What you need to do
An exact reproduction of the records is required. Images must be left out.

Exercise data

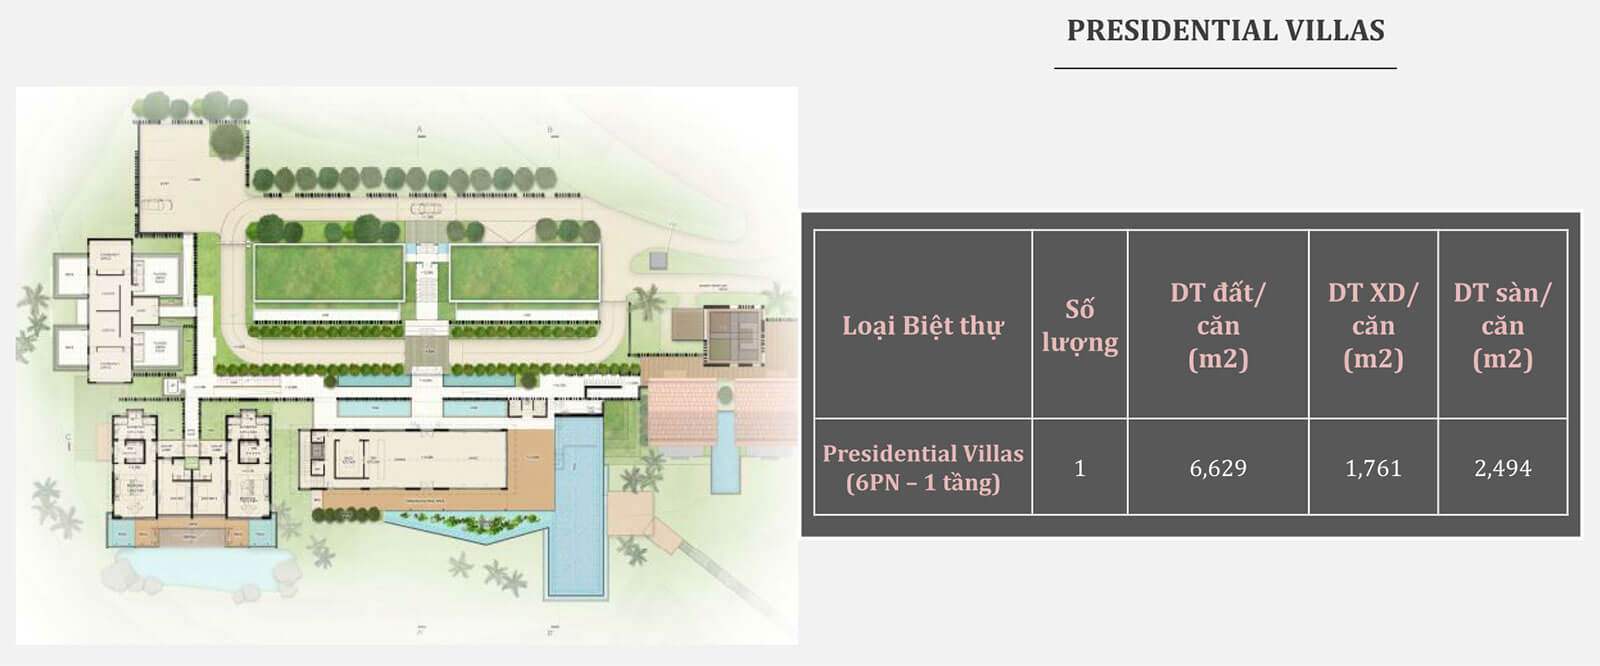 Presidential Villas Park Hyatt Phu Quoc
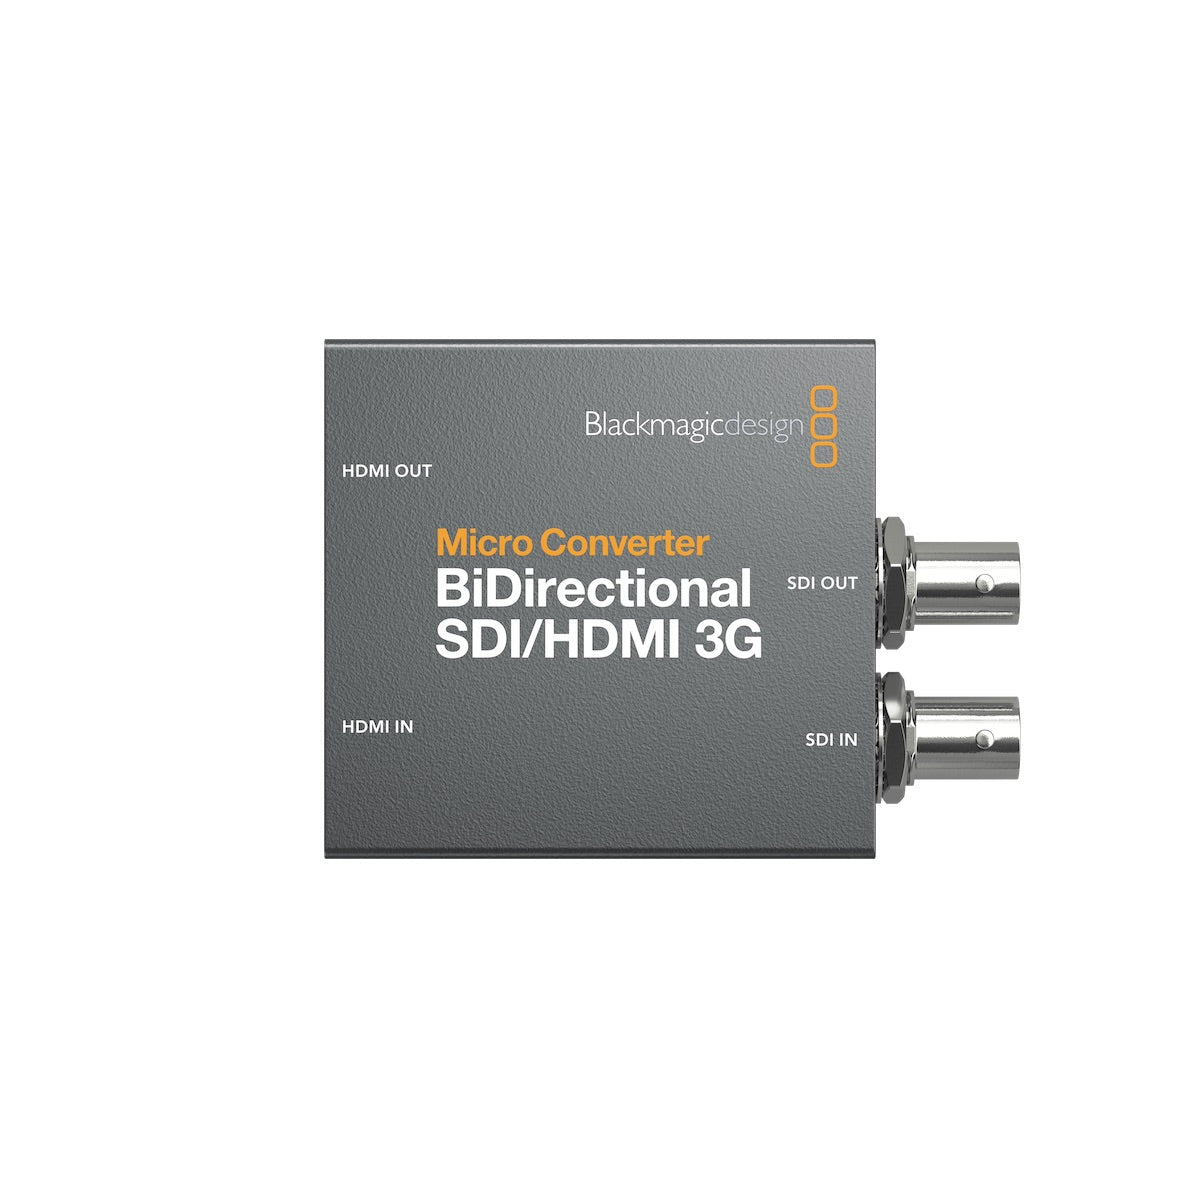 Blackmagic Micro Converter - BiDirectional SDI/HDMI 3G, top
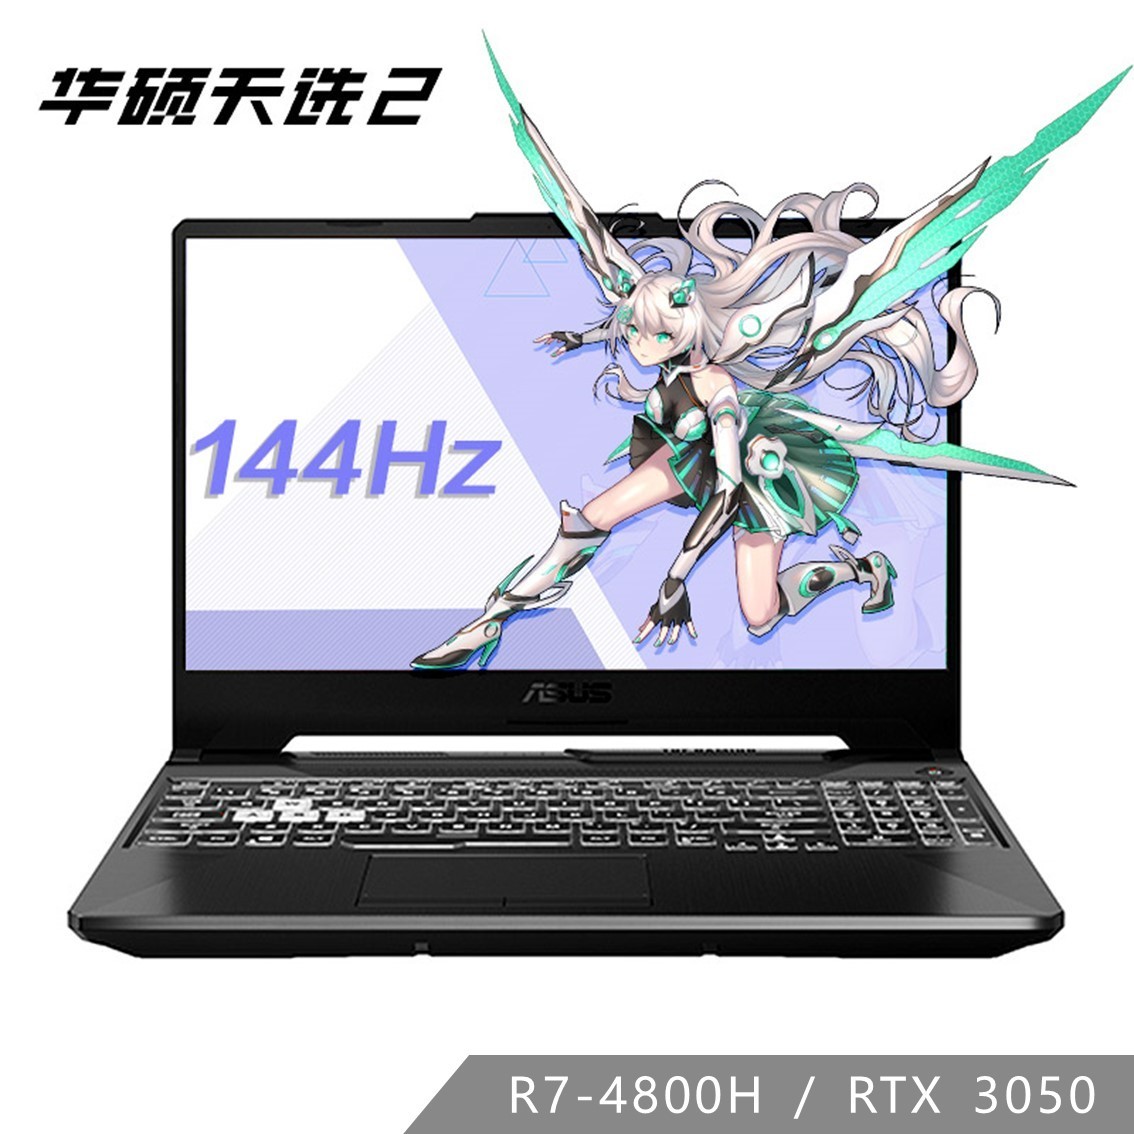 天选2 日蚀灰 锐龙R7 RTX3050 144Hz 游戏本笔记本电脑-15.6英寸（Windows 11 Home/R7-4800H/16GB/512G SSD/RTX 3050 4G）
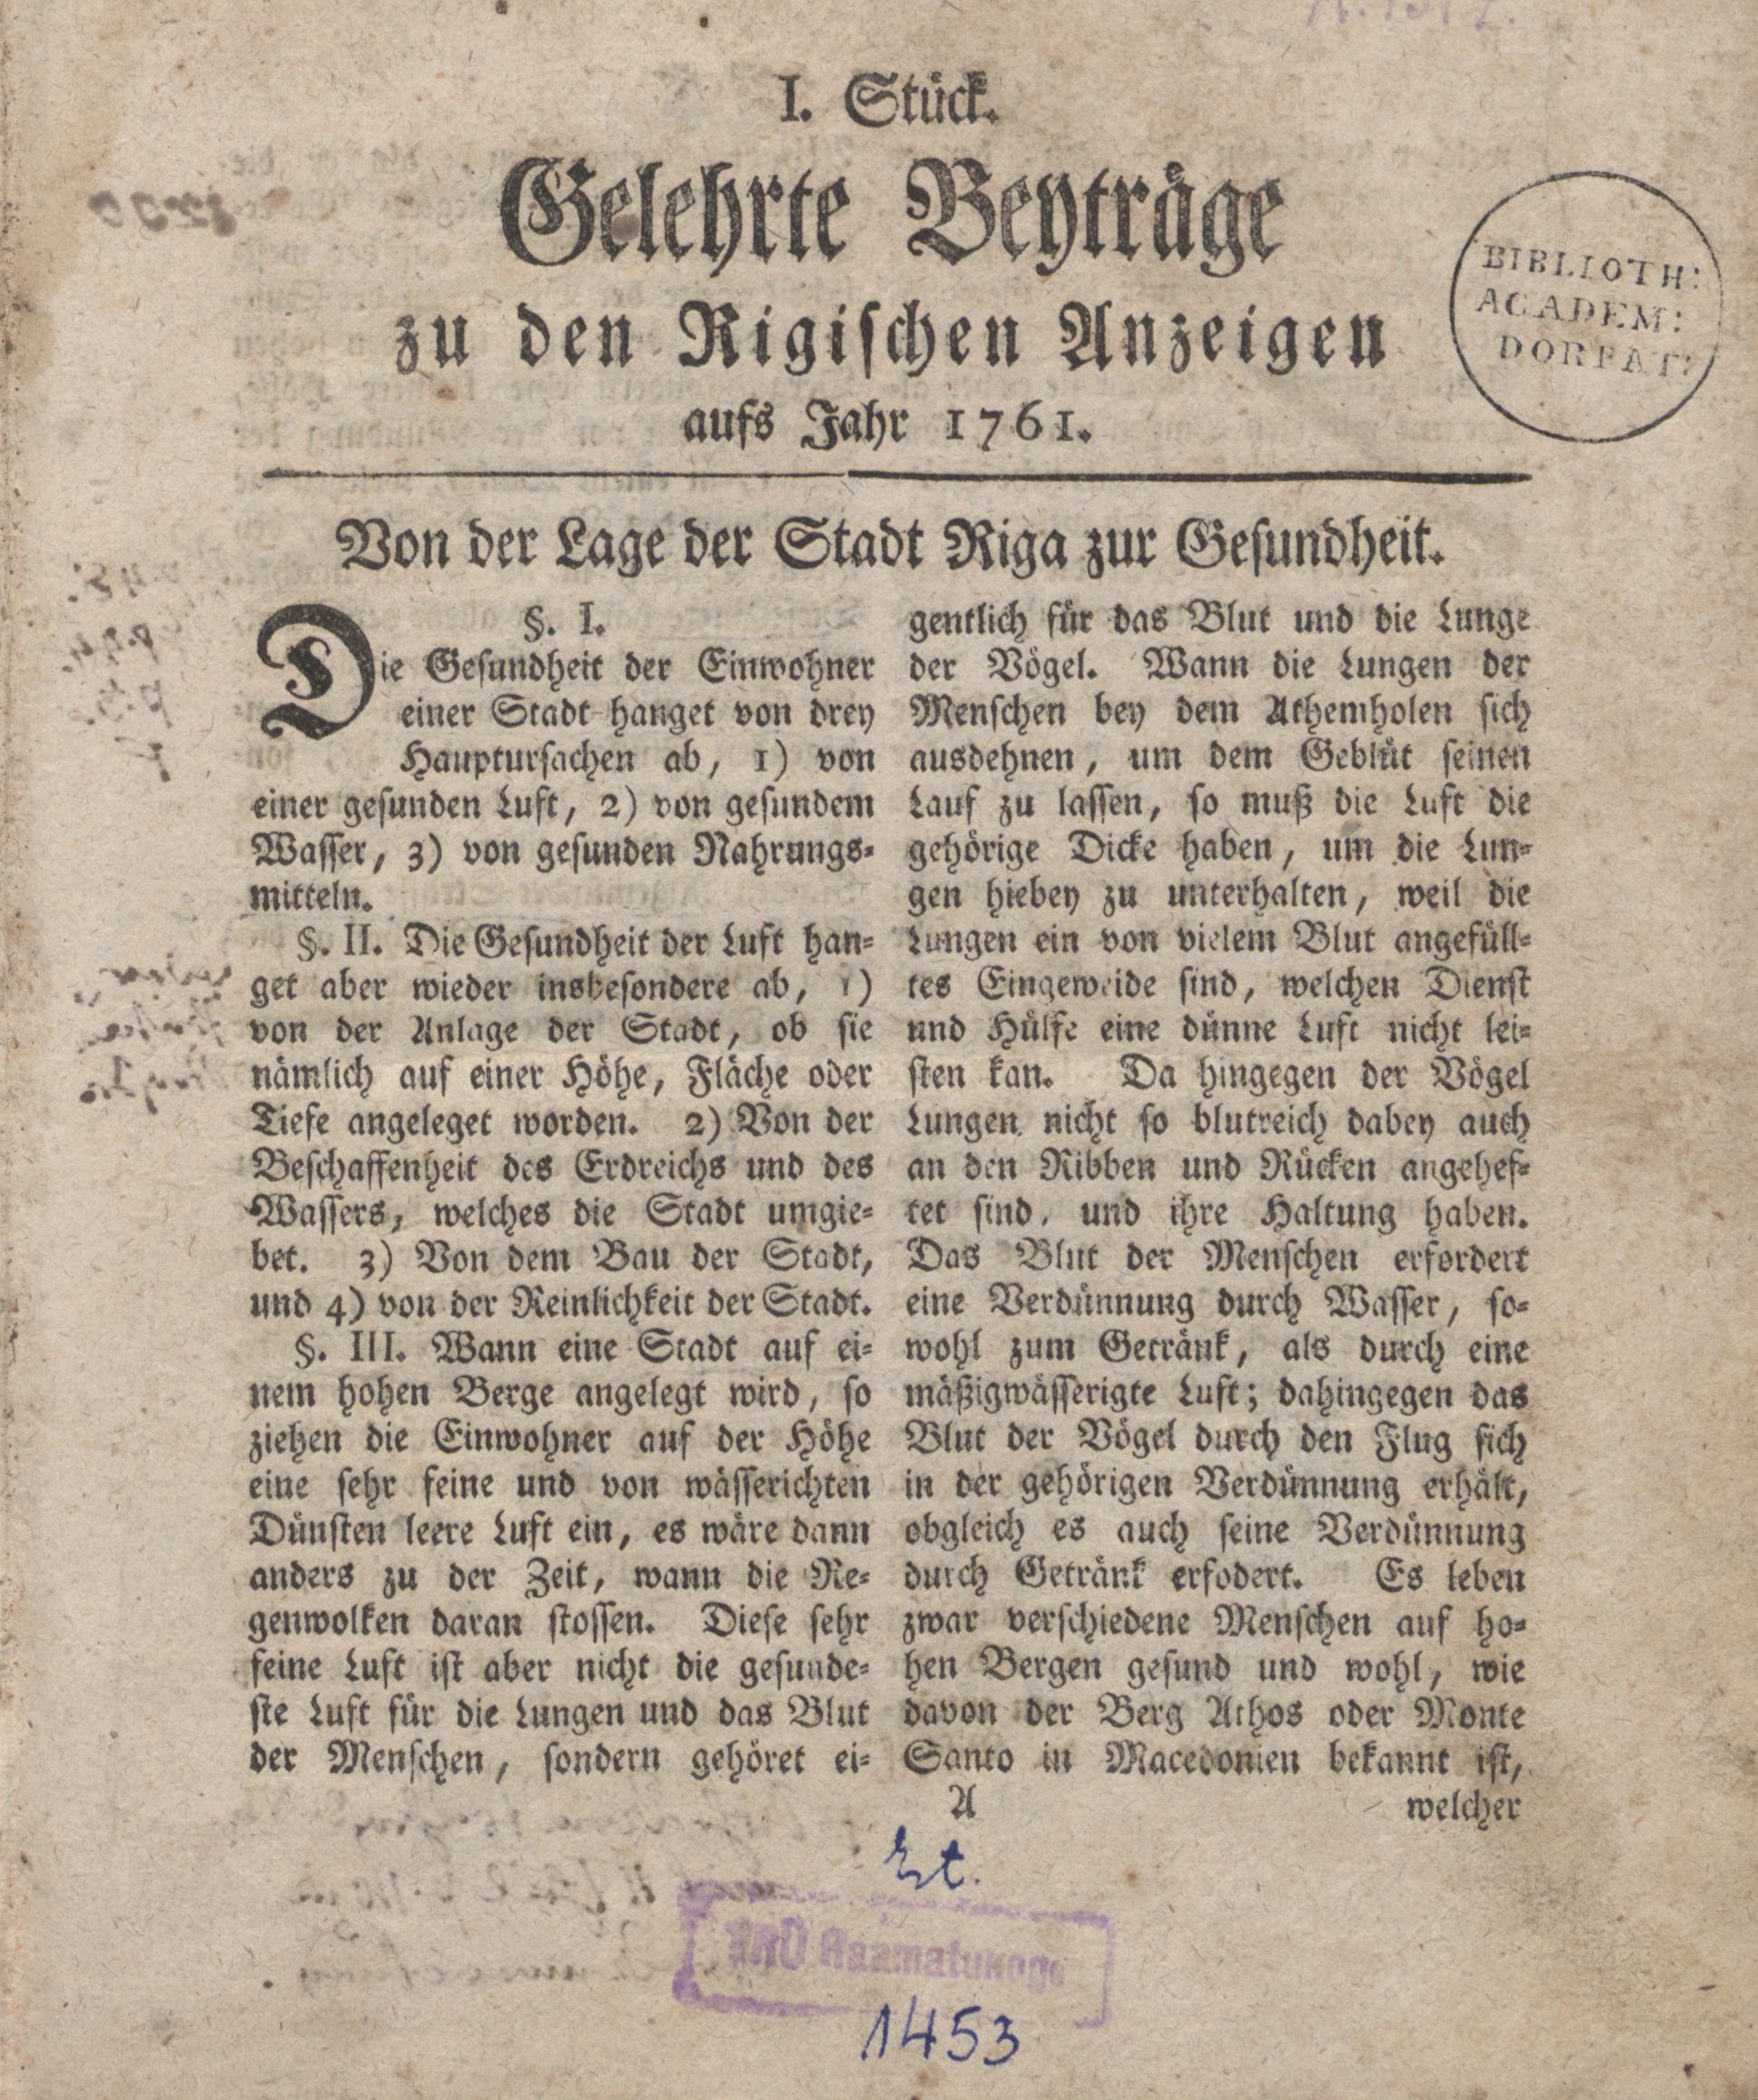 Gelehrte Beyträge zu den Rigischen Anzeigen (1761 – 1767) | 1. (1) Титульный лист
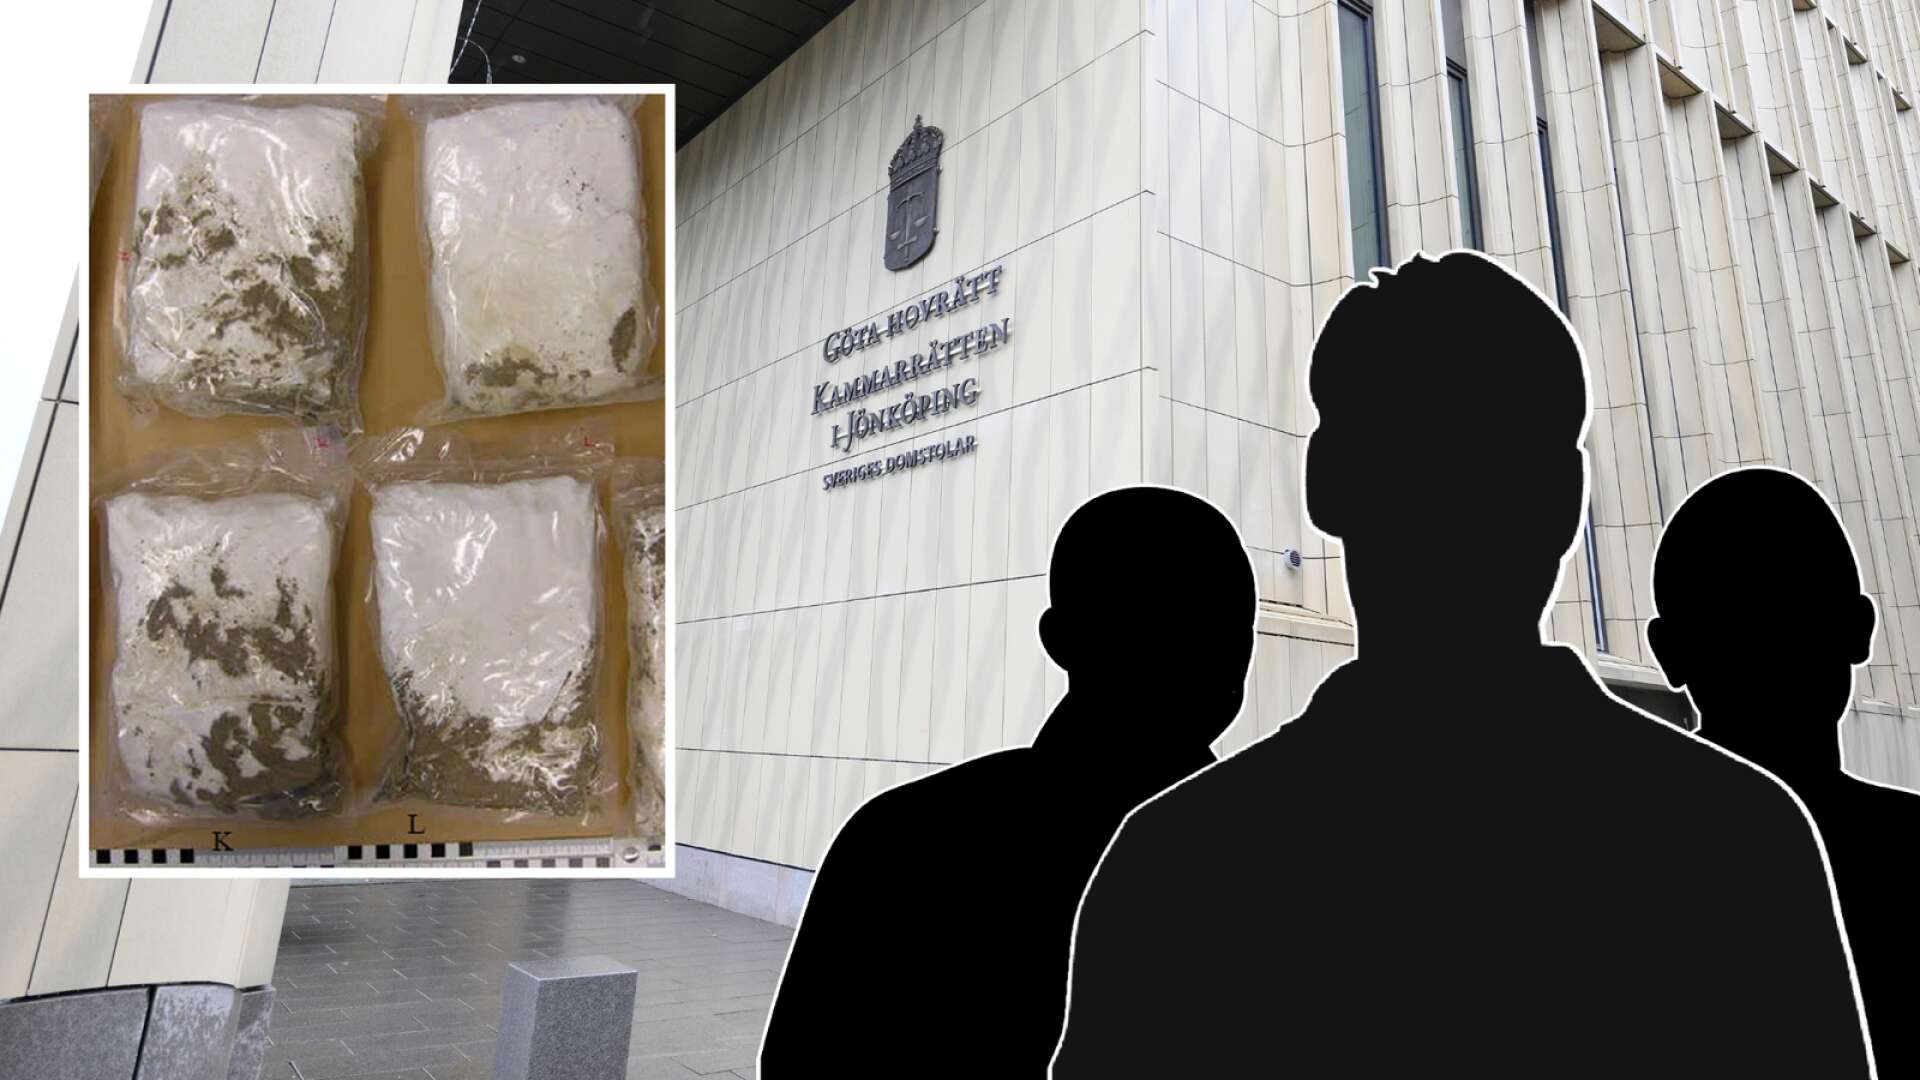 Dom i ärendet ”Hydra” • Polisen hittade 13 kilo amfetamin

Task output
 Presidential Villas Park Hyatt Phu Quoc
 Blackmagic Micro Converter - BiDirectional SDI/HDMI 3G, top
 天选2 日蚀灰 锐龙R7 RTX3050 144Hz 游戏本笔记本电脑-15.6英寸（Windows 11 Home/R7-4800H/16GB/512G SSD/RTX 3050 4G）
 Gelehrte Beyträge zu den Rigischen Anzeigen (1761 – 1767) | 1. (1) Титульный лист
 Dom i ärendet ”Hydra” • Polisen hittade 13 kilo amfetamin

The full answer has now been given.